Does anyone have experience with the Canon PowerShot SD400? 

In terms of size, price, shutter speed, and movie capabilities, it seems to meet my needs. I've seen lots of positive reviews, but I've seen enough negative reviews to make me wonder...seems it might not be so durable? A cracked LCD is the most common complaint. I'm guessing that the majority of the people who write on-line reviews are the ones who are not satisfied, so I don't know how seriously to take them.


----------



## Livingston (Jan 8, 2004)

If you are looking for a waterproof camera for cheap, pick up a Sony DSC-U60. I don't think they are making them anymore, but last saw them for under $200. No zoom and only 2mpix, but can be carabinered to your PFD, takes a quality picture...
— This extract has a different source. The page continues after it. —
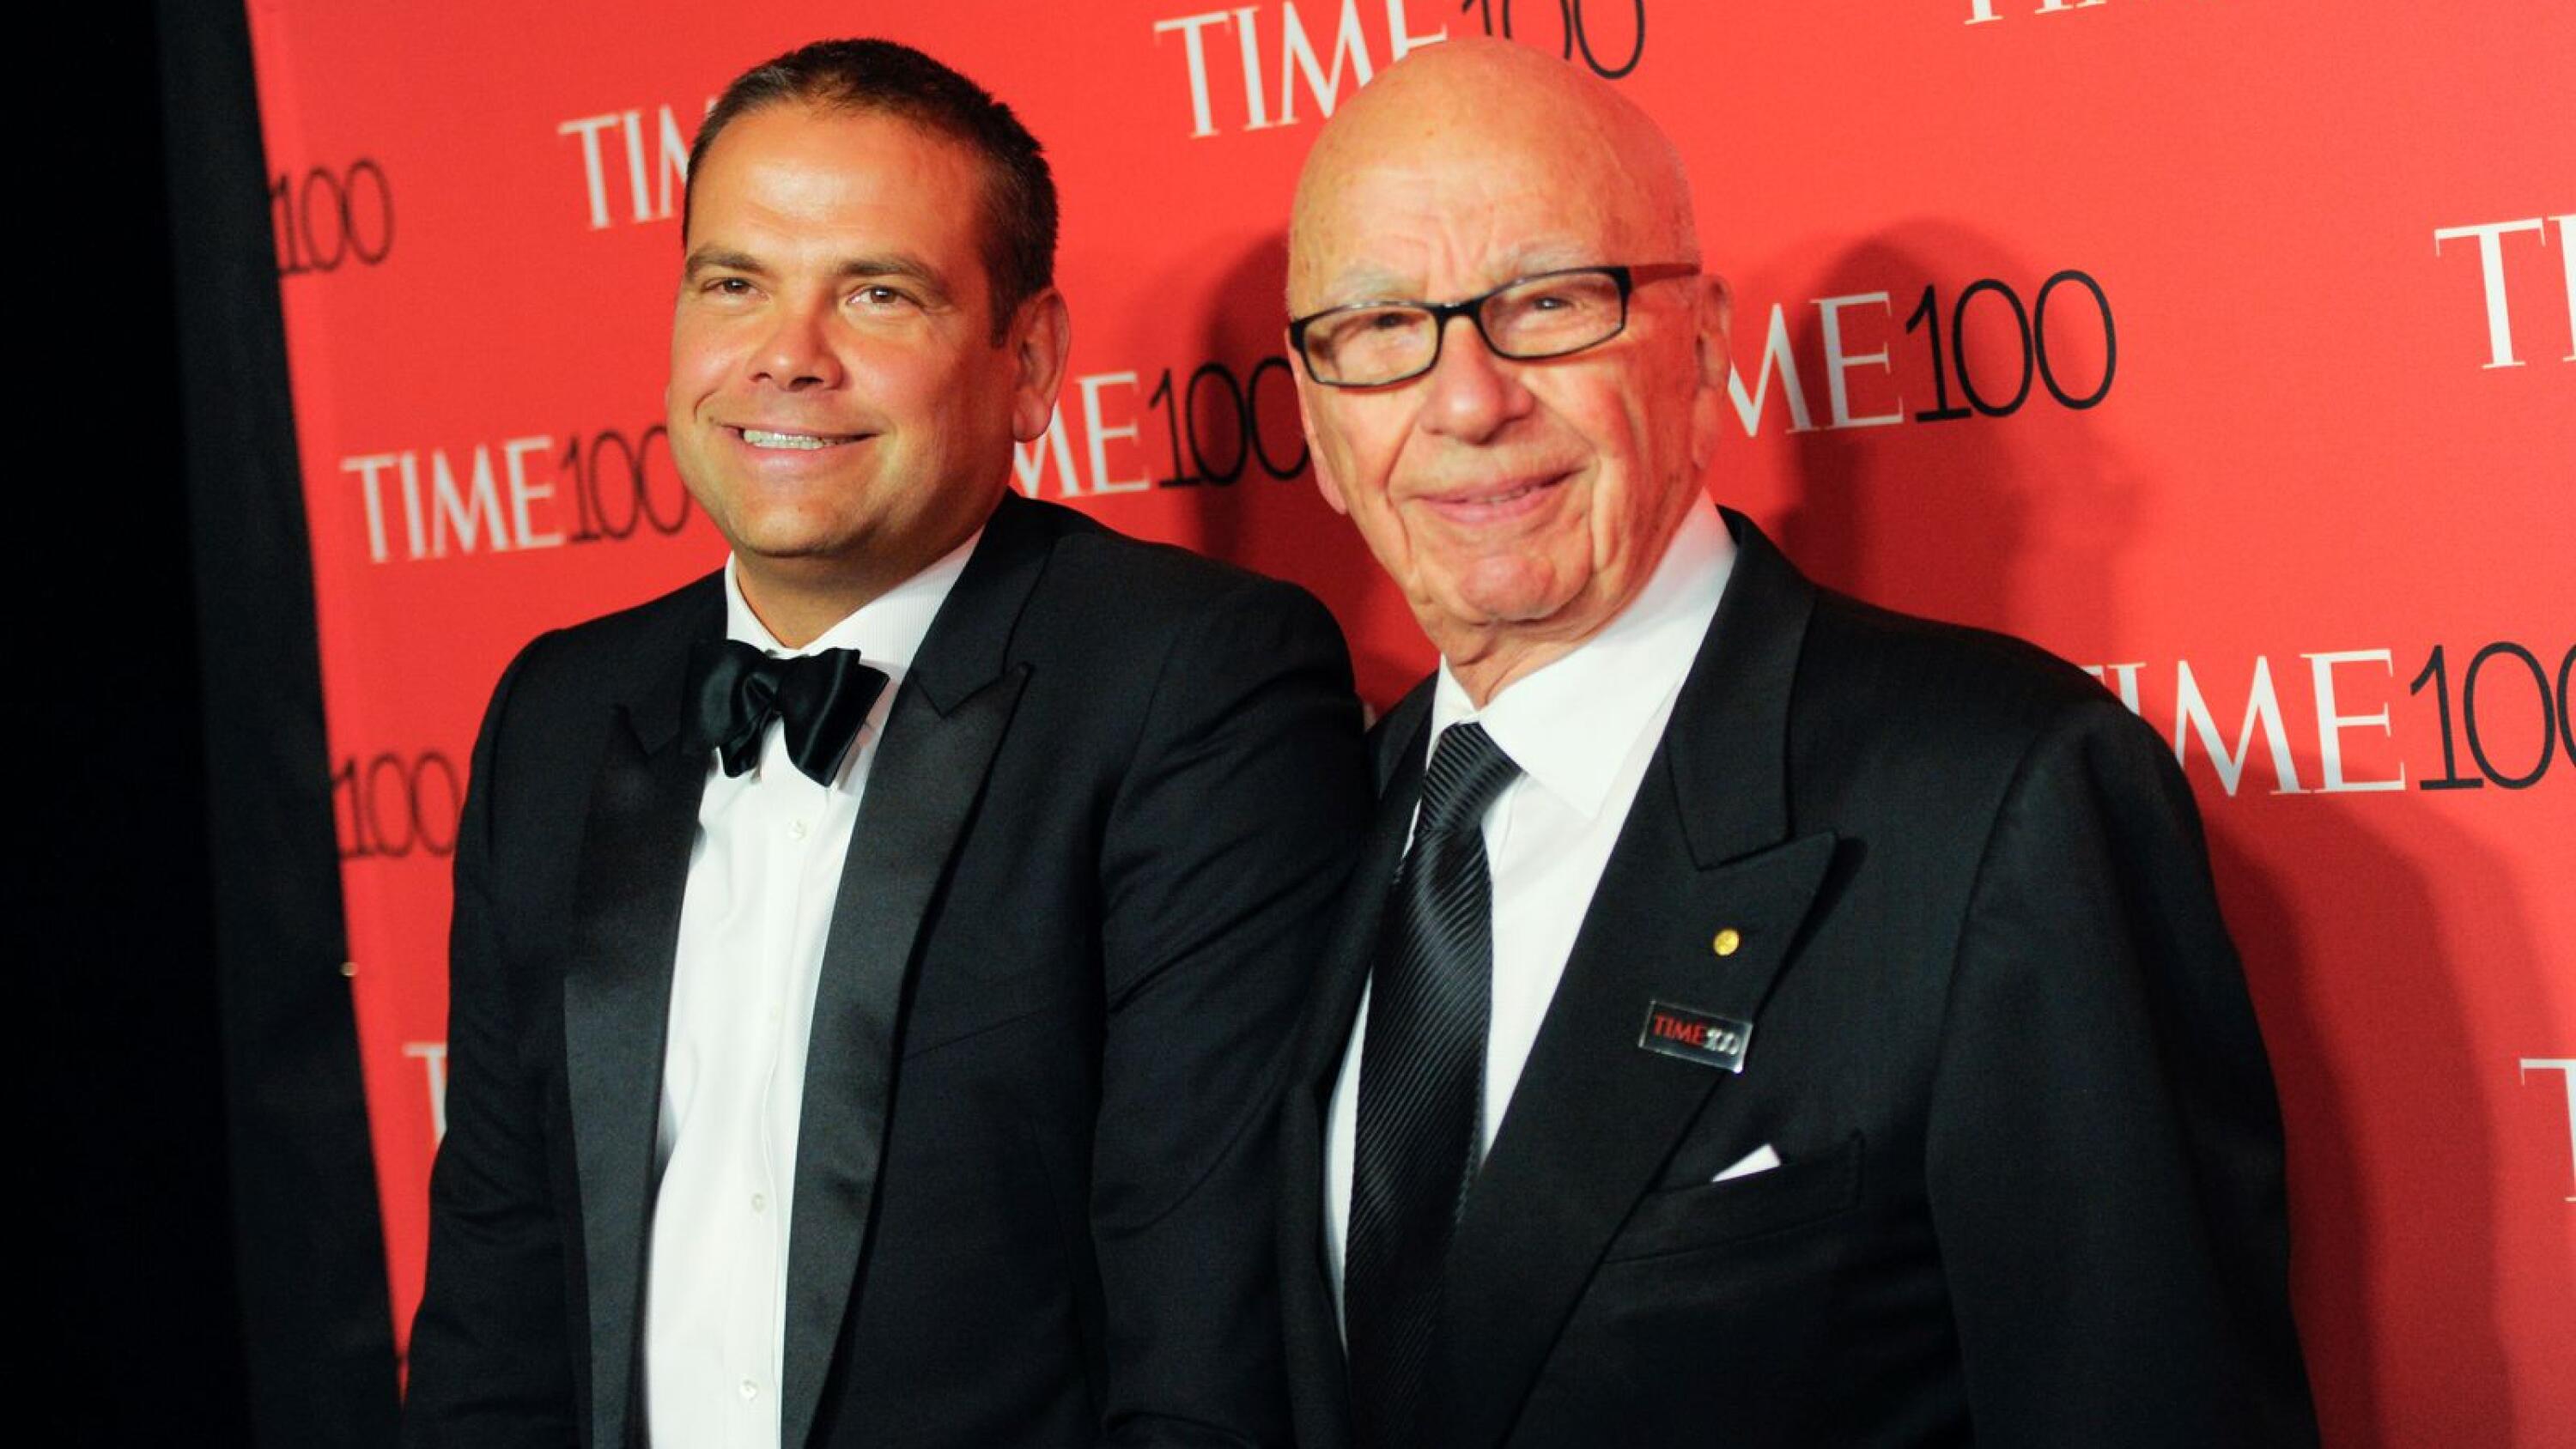 Rupert Murdoch hands control of Fox media empire to son Lachlan Murdoch

http://www.americanwhitewater.org/photos/?photoid=8670

...and is pretty rugged. If you can find one, it's a simple point and shoot that turns on in less than 2 seconds. Mine broke and I'll probably upgrade to the new Optio WPi.

-d


----------



## holley (Mar 8, 2004)

Hey Thatguy...

Thanks for the head's up on the Optio at Broadway Photo! I ended up going with them, and it was considerably cheaper than anything else I found on the web. REALLY nice little camera! I just took it to Mexico, and it was so nice to be able to just put it in the pocket of my pfd and not worry about it. 
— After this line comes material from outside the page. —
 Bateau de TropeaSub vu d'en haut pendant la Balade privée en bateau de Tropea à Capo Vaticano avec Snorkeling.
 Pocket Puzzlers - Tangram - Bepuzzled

If anyone does buy this camera from them, it's worth doing the package upgrade because you get 2 long-life batteries out of it. The battery that comes with the camera is pretty crappy. Also, make sure you get high speed memory, because even though the camera has a fast shutter speed, you'll still get a 2-3 second delay if you just use regular speed memory. A little expensive, but definitely worth it.
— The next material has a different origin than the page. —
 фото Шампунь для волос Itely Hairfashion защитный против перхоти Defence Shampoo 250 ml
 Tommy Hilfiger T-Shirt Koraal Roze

I need to attach a chunk of foam to the camera for boating season...it's waterproof, but unfortunately it doesn't float! 

Holley


----------



## thatguy (Nov 9, 2003)

Glad to hear you took advantage of the good deal. I actually did some research on Broadway Photo and found that they got really horrible reviews, like 75% of people saying "...whatever you do, don't buy from these scam artists!" type of reviews. Sounds like you didn't have to deal with that. I do have a pentax wp on the way though. If you haven't taken advantage of it yet, there is a $30 rebate from pentax on the wp and wpi if you still have your receipt, here's the link:
http://www.pentaximaging.com/purchase/rebates_offers/index.jsp
Check it out.


----------



## holley (Mar 8, 2004)

Wow, you've been doing your research! Thanks for that. I'm still within the 30 days, so I'll take advantage of the rebate. I read some reviews on Broadway too, and at the time that I ordered, they were not so bad. But honestly, one guy that I dealt with was a real jerk so I called back and made the order through someone else who was much nicer.

If you haven't already gotten your memory, I found a good deal on an ultra high speed 1GB thru Upgrade Nation. 79 bucks with free shipping: http://www.upgradenation.com/ProductDetails.asp?ProductCode=FM-SDK1GP


----------



## shaunotter (Jul 22, 2005)

Costco.com currently has the very nice and fast SanDisk Ultra II 1GB SD for $59.99 ... sometimes they have similar deals in the local store, sometimes not.

http://www.costco.com/Common/Catego...&Nr=P_CatalogName:BC&cat=2109&whse=BC&topnav=


----------